Rosalie

Il était une fois un pays du nom de Ruetanidro. Nombreux étaient ceux qui l’avaient visité. A différentes époques. Les plus anciens parlaient d’un lieu avec une large colline à l’arrière, les plus jeunes le connaissait plus plat. Le temps avait érodé le paysage.  On parlait de l’effet cluster. Les artisans du village, réputés jusque dans l’Orient, avaient appris à façonner des formes graphiques et réduites grâce à des composants nouveaux. On allait au plus simple sans oublier l’esthétique. Le plus ancien habitant, appelé habitant zéro en raison de l’invention indienne du chiffre mais qui avait bel et bien existé, avait planté le premier bit. Puis deux. Un noir et un blanc. Ces derniers s’étaient multipliés par milliards et étaient devenus colorés et très mobiles. L’un de ceux-ci, plus hardi, décida de quitter   Ruetanidro. Et tout se détraqua. 

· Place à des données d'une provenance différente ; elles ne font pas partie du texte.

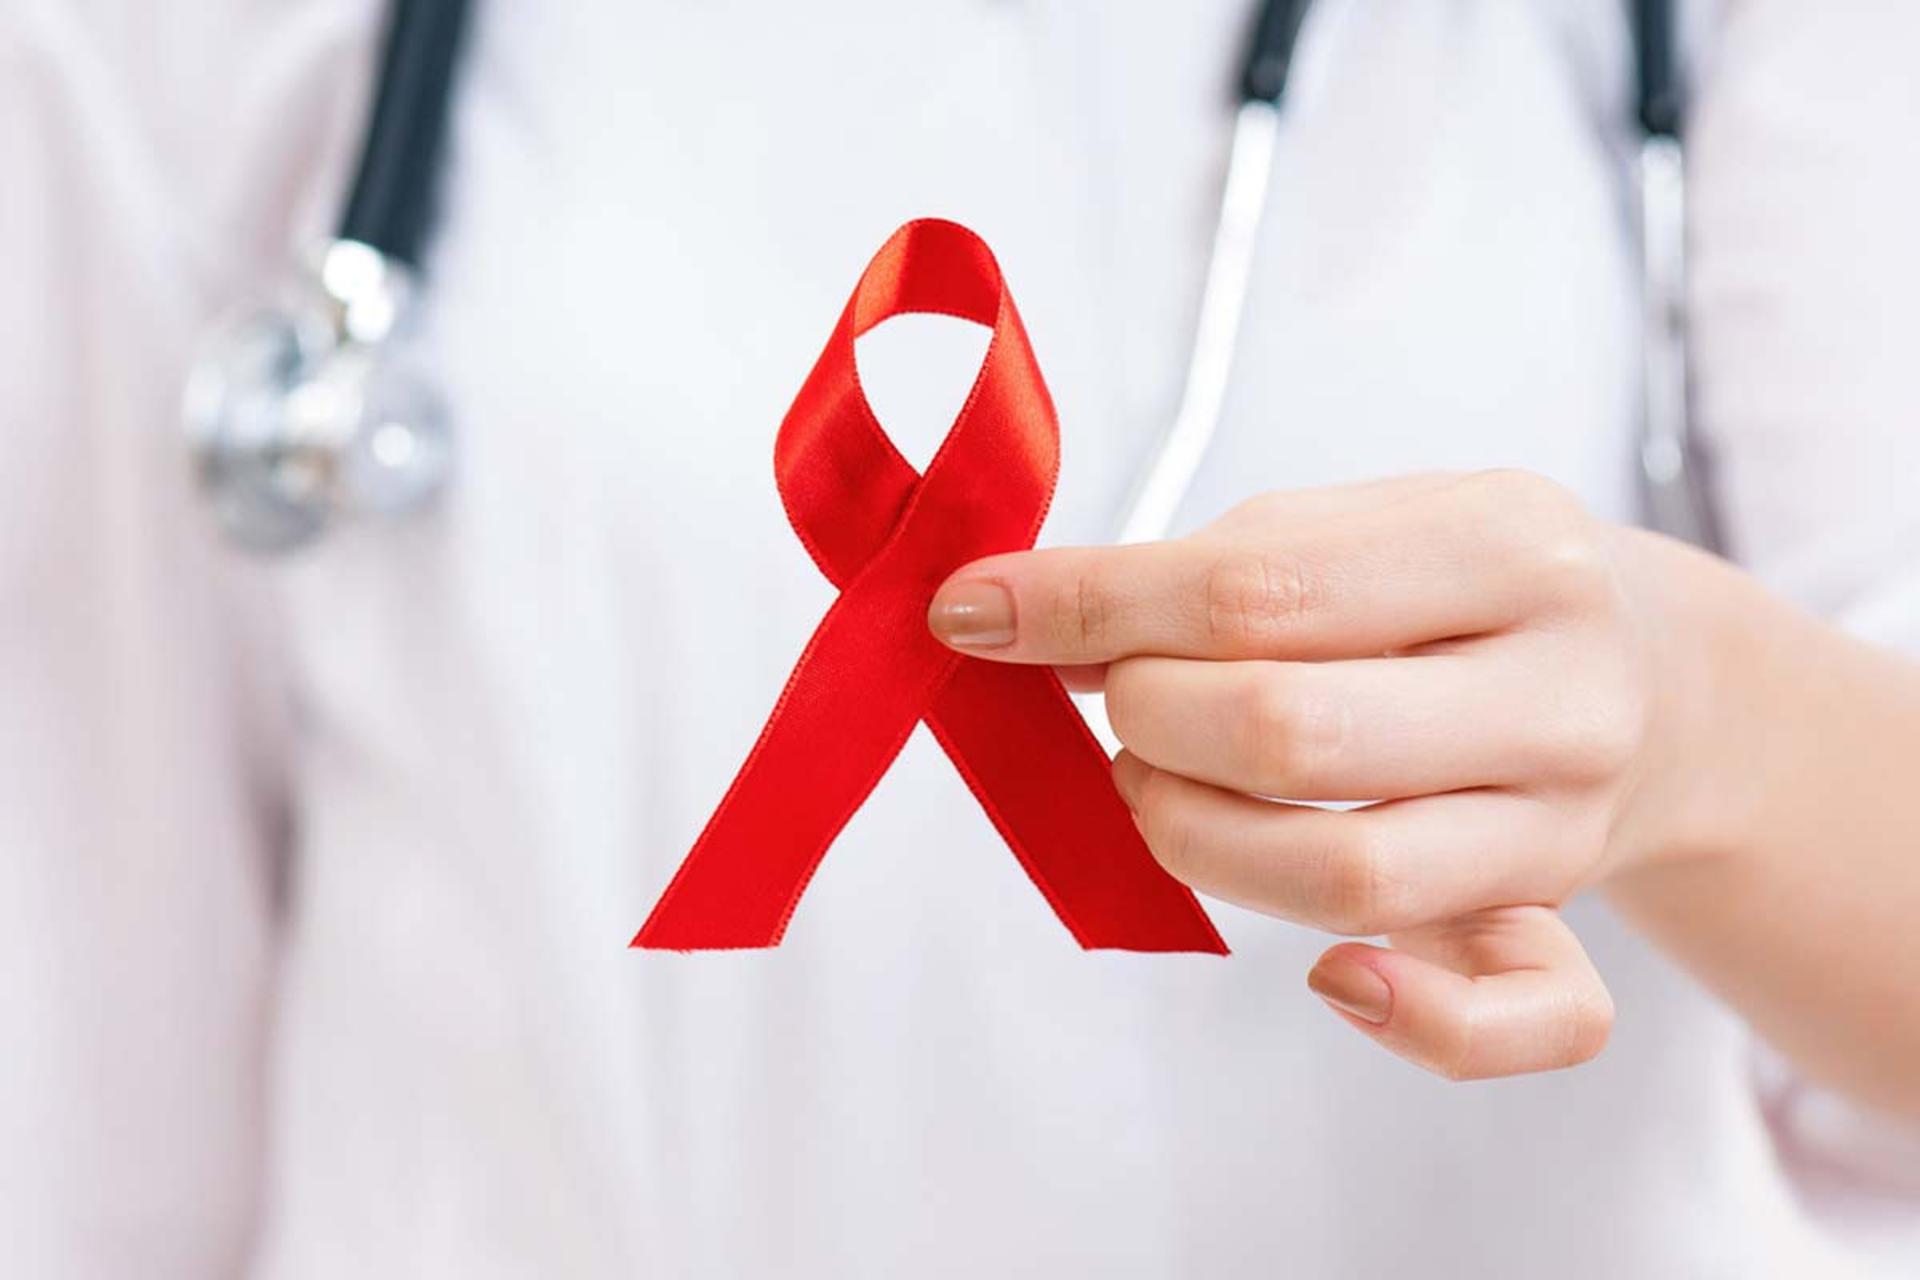 روبان قرمز در دستان پزشک به عنوان نماد روز جهانی ایدز

Les fils et petits-fils de l’habitant zéro ne surent ou purent le retenir. Tous les habitants, en manque d’un bit, voyaient trouble. Tous avaient des yeux rouges tendance lapin. On dut installer des barrières pour retenir les chutes et leur apprendre les gestes simples pour contourner les obstacles. Les pictogrammes devaient être refaits chaque jour de plus en plus gros.  Comme ZU pour zone urbaine en police 555 à l’entrée. On somma les habitants de retrouver le bit échappé par tous les moyens. Le standard du coroner le chef de la police (qui ne portait pas couronne mais casquette), explosa. La récompense était alléchante. Un faussaire, vite démasqué, avait même utilisé une imprimante en 3 D pour tenter de reconstituer un bit. Un autre avait bricolé dans son garage un bit avec une queue de poêle à frire et une touche de piano. L’idée, séduisante sur le papier, n’avait pas permis dans les faits de rétablir la chaîne des bits. Une partie de la population s’était réfugiée sur le Titanic, mal leur en a pris, il coula aussi sec au pôle Nord en raison de l’onde contraire. Dans le village l’inquiétude grandissait, le bit fugueur avait laissé un trou tel qu’un virus avait pu s’engouffrer dans le système. Norton, Kaspersky, Avast et quelques autres spécialistes de la sécurité furent appelés en urgence. Leurs conclusions ne convergeaient que sur un seul point : ce virus était inconnu de leurs services. Les habitants ne devaient plus cracher ni se moucher. Ils devaient s’écouvillonner les oreilles tous les jours, parler dans le micro et laver leurs touches.  Ils se prêtaient de plus ou moins bon gré à cette discipline.

C’est Rosalie qui apporta la solution. Alors qu’elle lavait son linge sur une tablette comme à son habitude, elle décida de la démonter et d’en baigner les composants dans une solution savonneuse sans oublier les pouces. Elle sacrifia, exercice ancien chez les femmes, un des éléments de sa tablette, puis greffa le bit savonné sur le plot général de Ruetanidro. La ville recouvra tout son lustre et le vaguemestre, d’un coup d’épaule, retourna la pancarte à l’entrée, où l’on put, enfin, lire à l’endroit le nom du lieu : « Ordinateur ».